Material provided ::

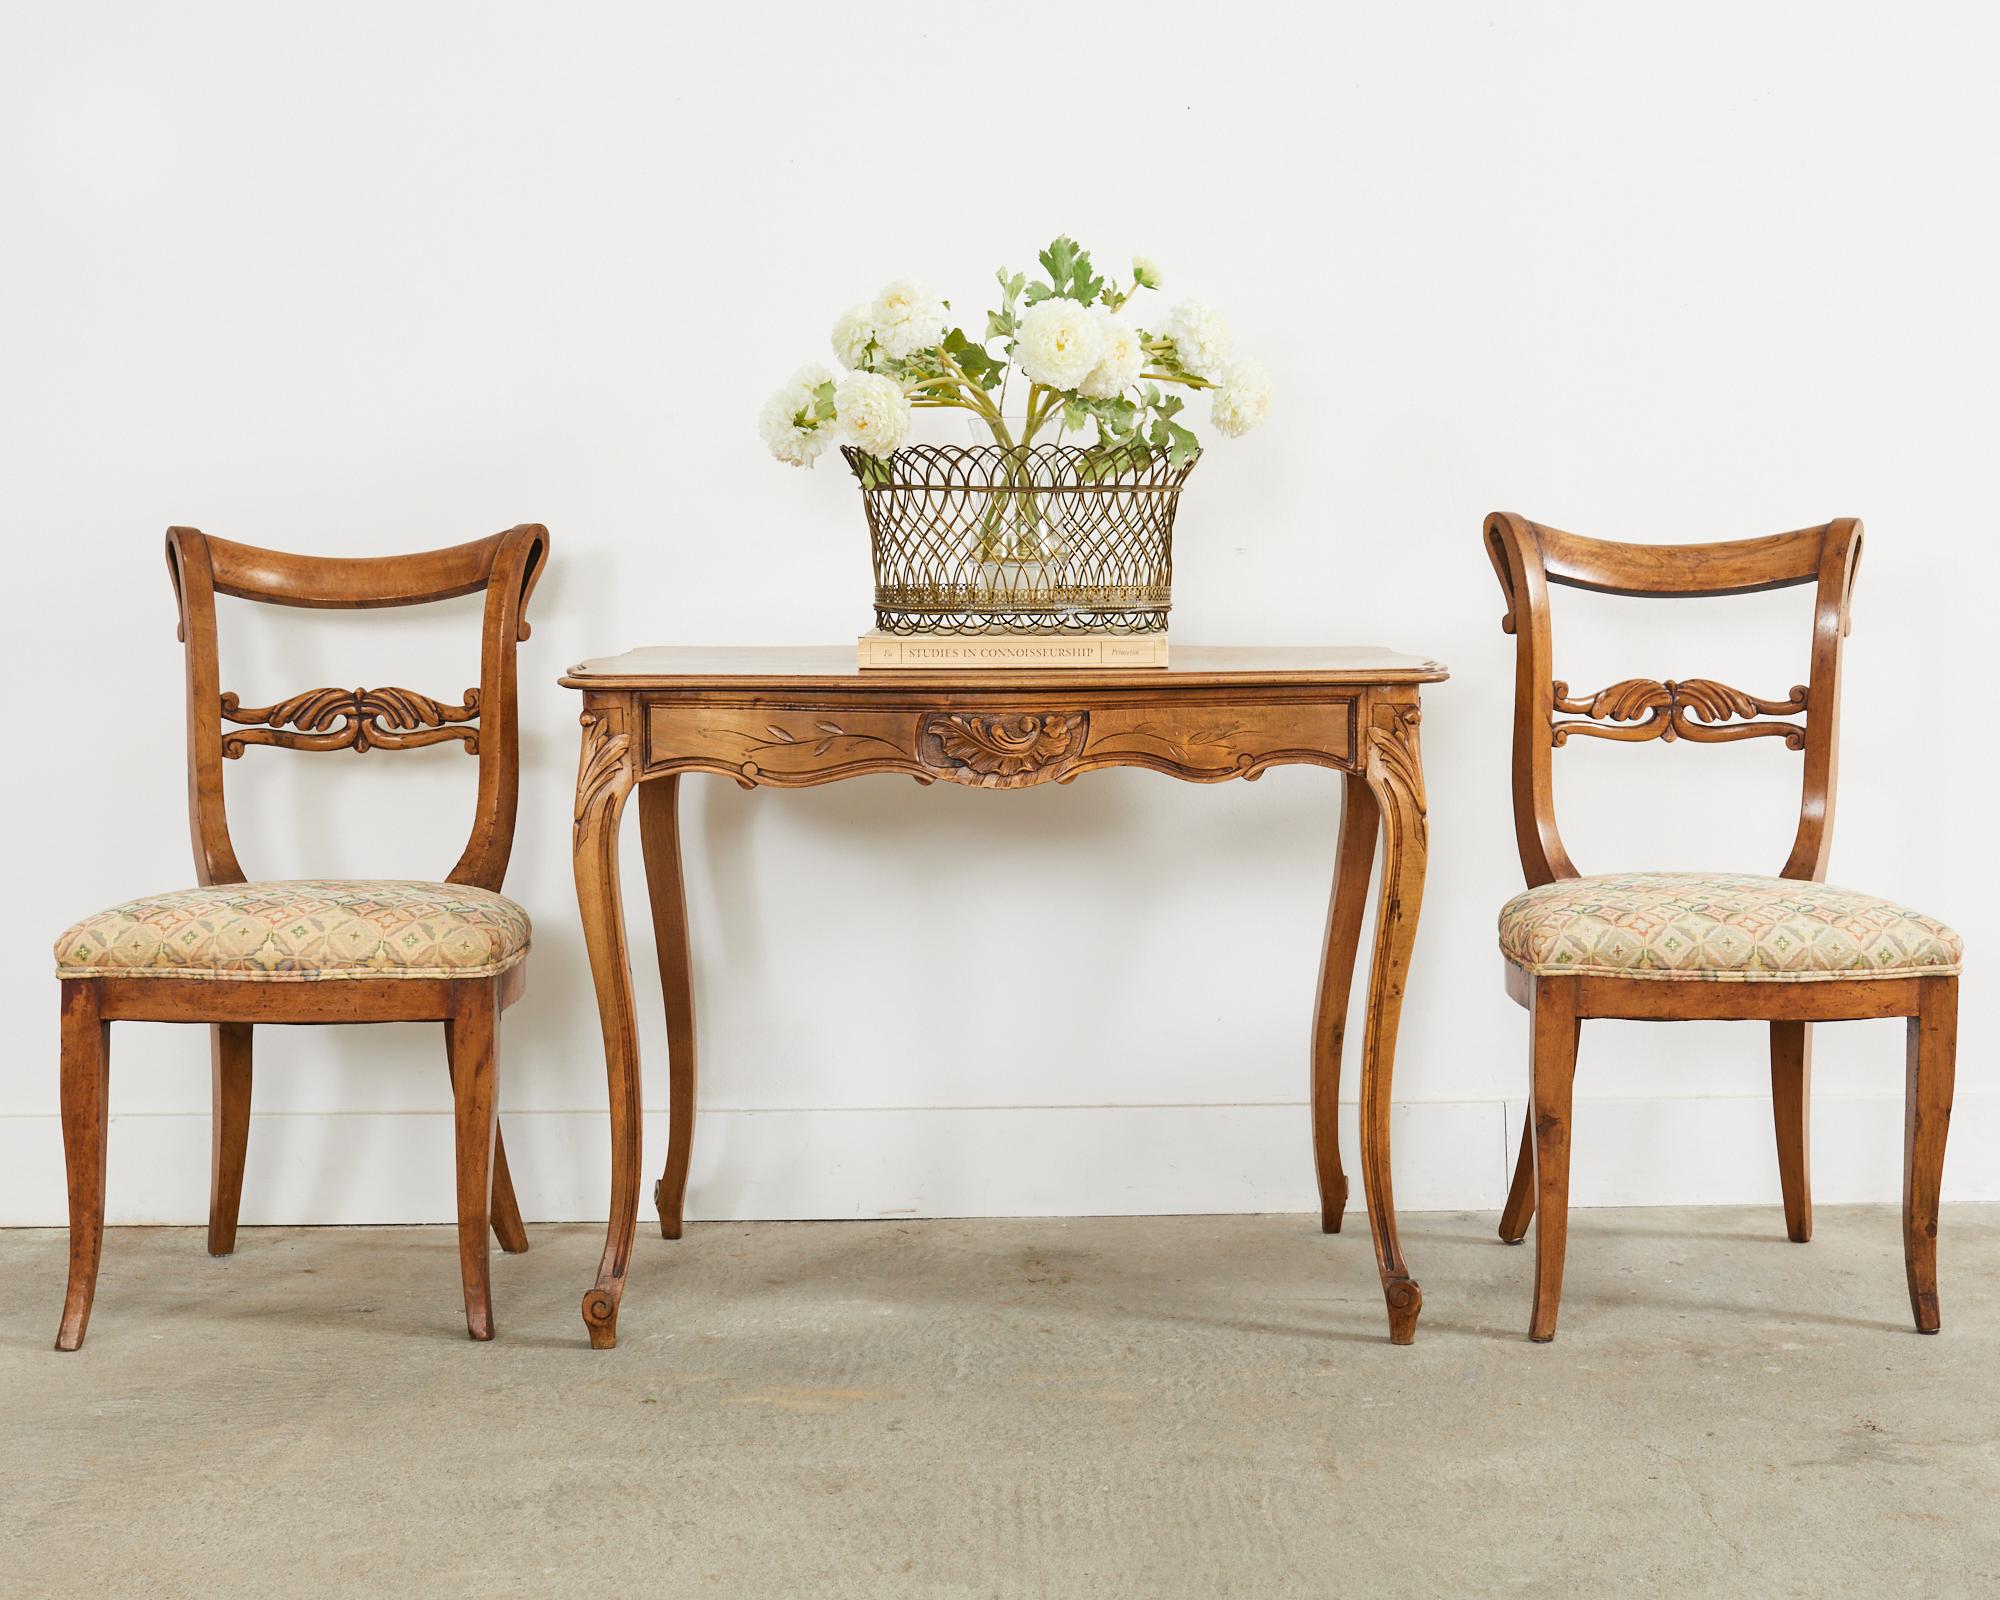 Magnifique paire de chaises de hall françaises du 19ème siècle en bois fruitier. Les chaises sont fabriquées à la manière et à l'époque de Louis Philippe, tout en conservant des éléments de design de la période Empire. Les cadres ont des dossiers et
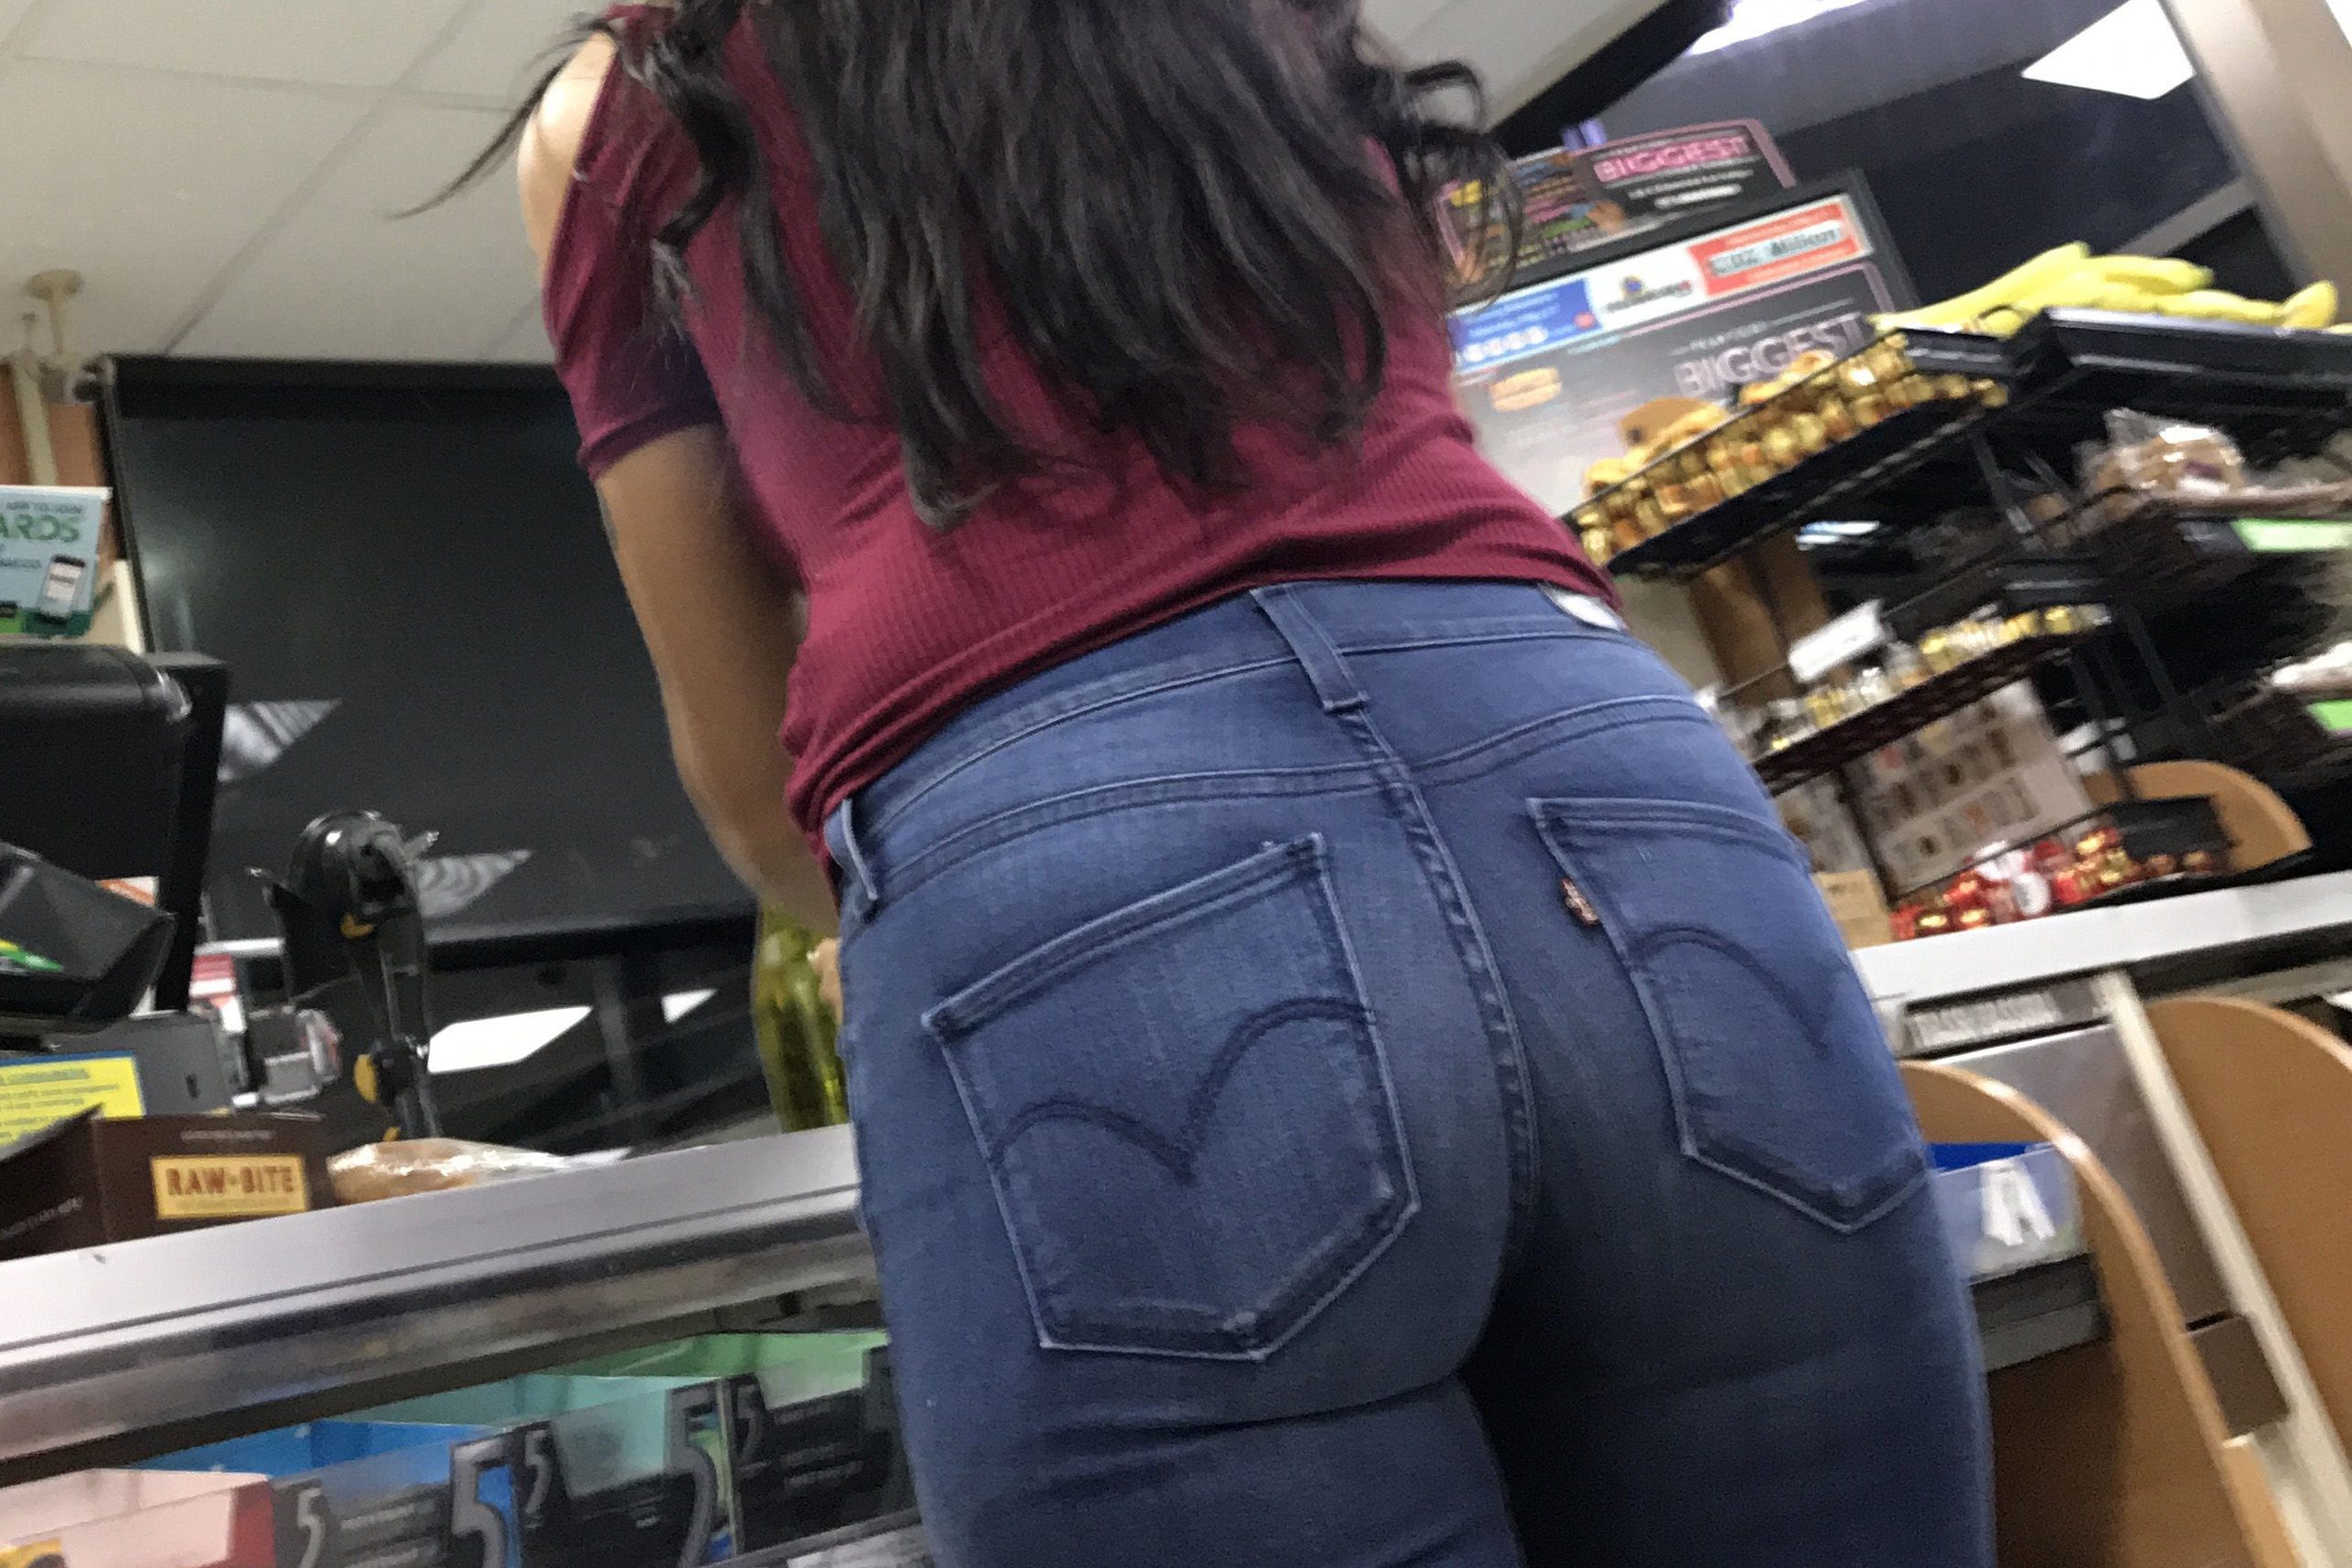 Candid bubble butt jeans fan image
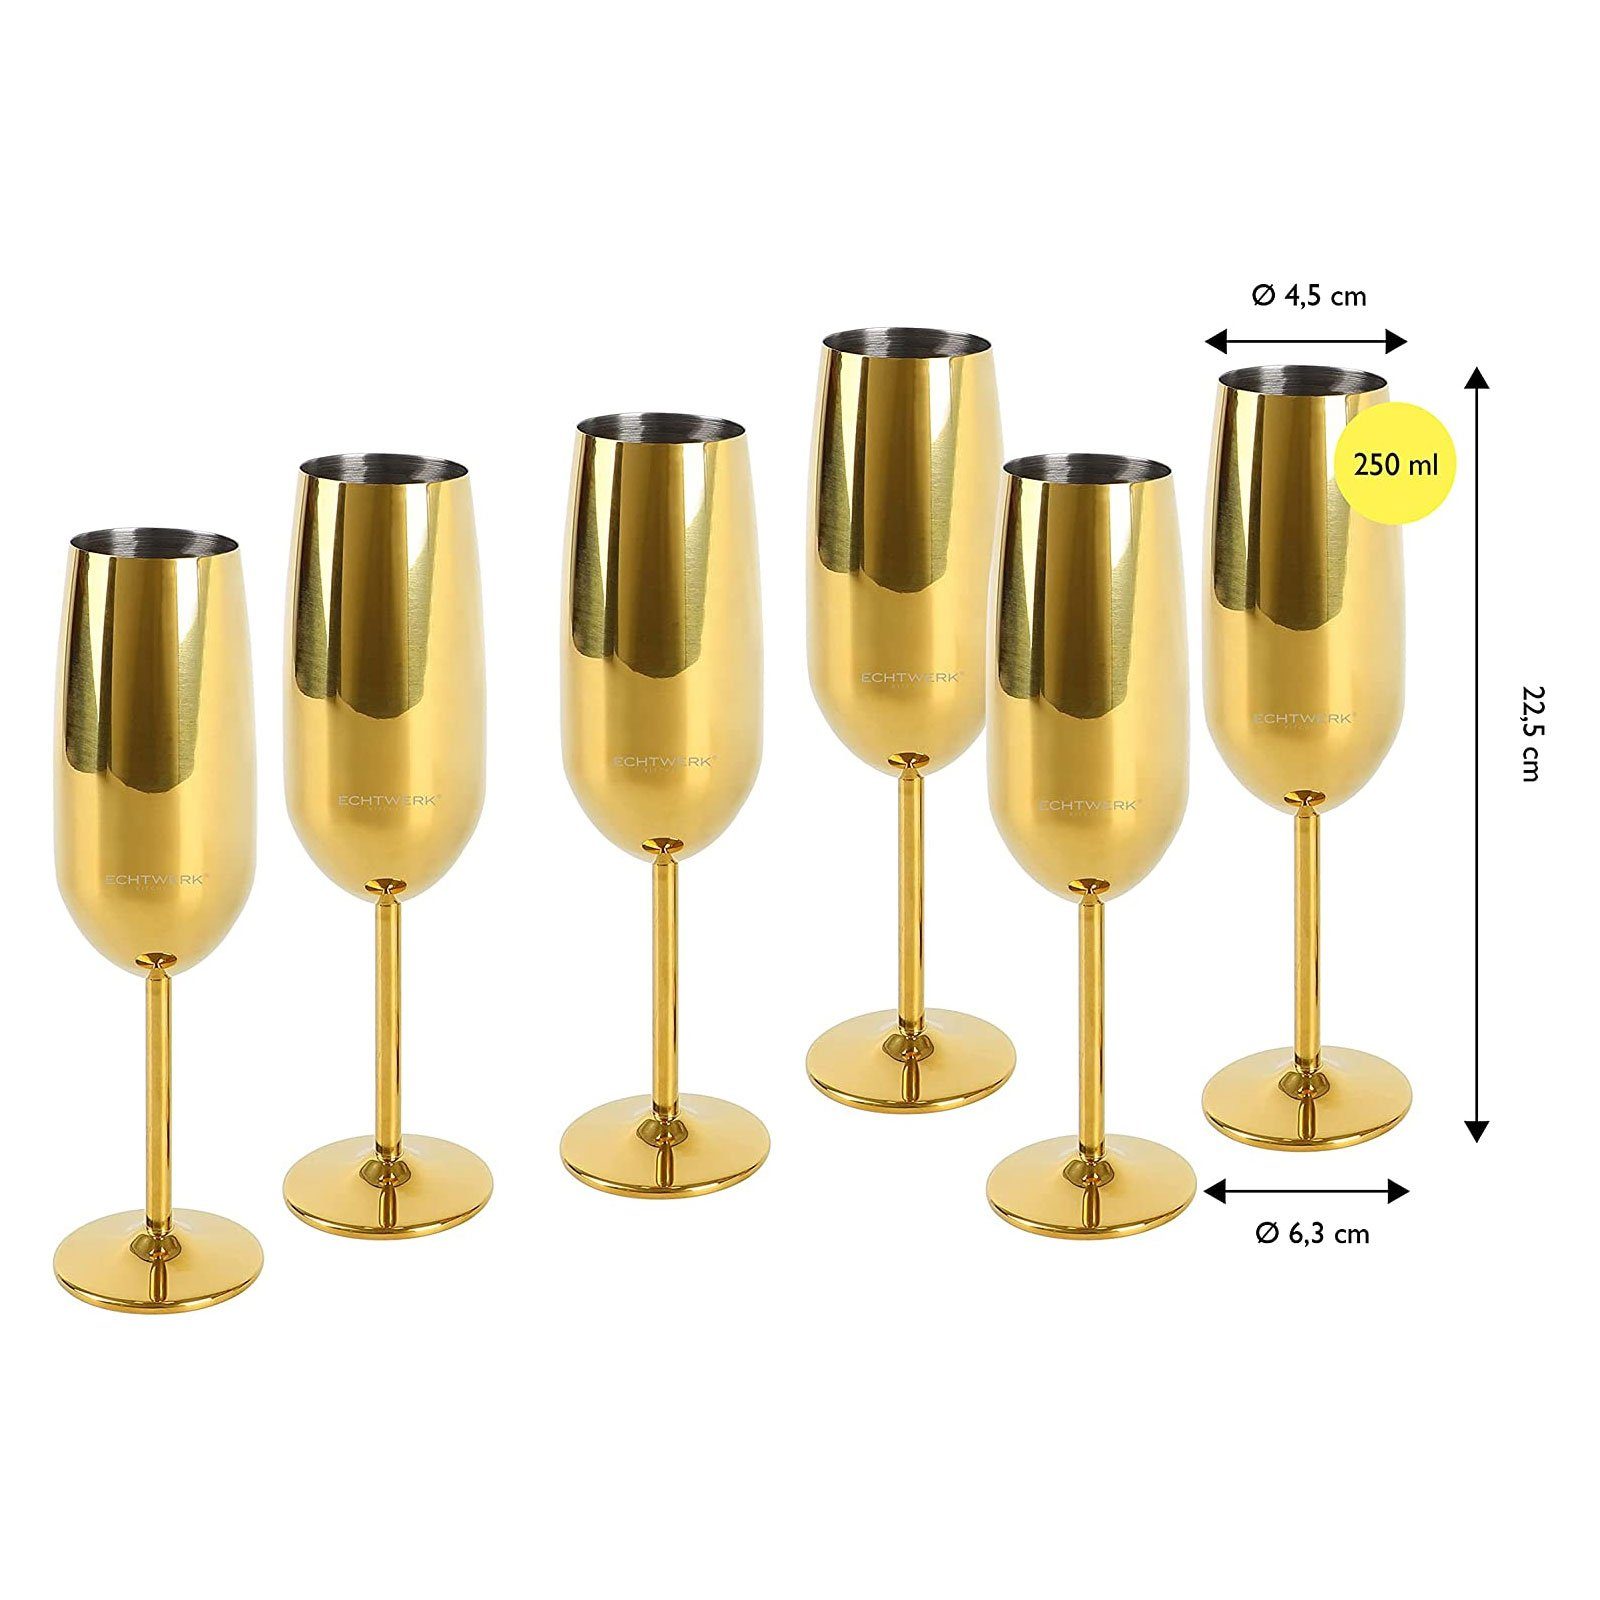 ECHTWERK Glas Edelstahl Sekt-/Champagnerkelch, Gold

Task goal :: The data above needs to be retyped exactly, with the images left out.

Answer ::
 Magnifique paire de chaises de hall françaises du 19ème siècle en bois fruitier. Les chaises sont fabriquées à la manière et à l'époque de Louis Philippe, tout en conservant des éléments de design de la période Empire. Les cadres ont des dossiers et
 Candid bubble butt jeans fan image
 ECHTWERK Glas Edelstahl Sekt-/Champagnerkelch, Gold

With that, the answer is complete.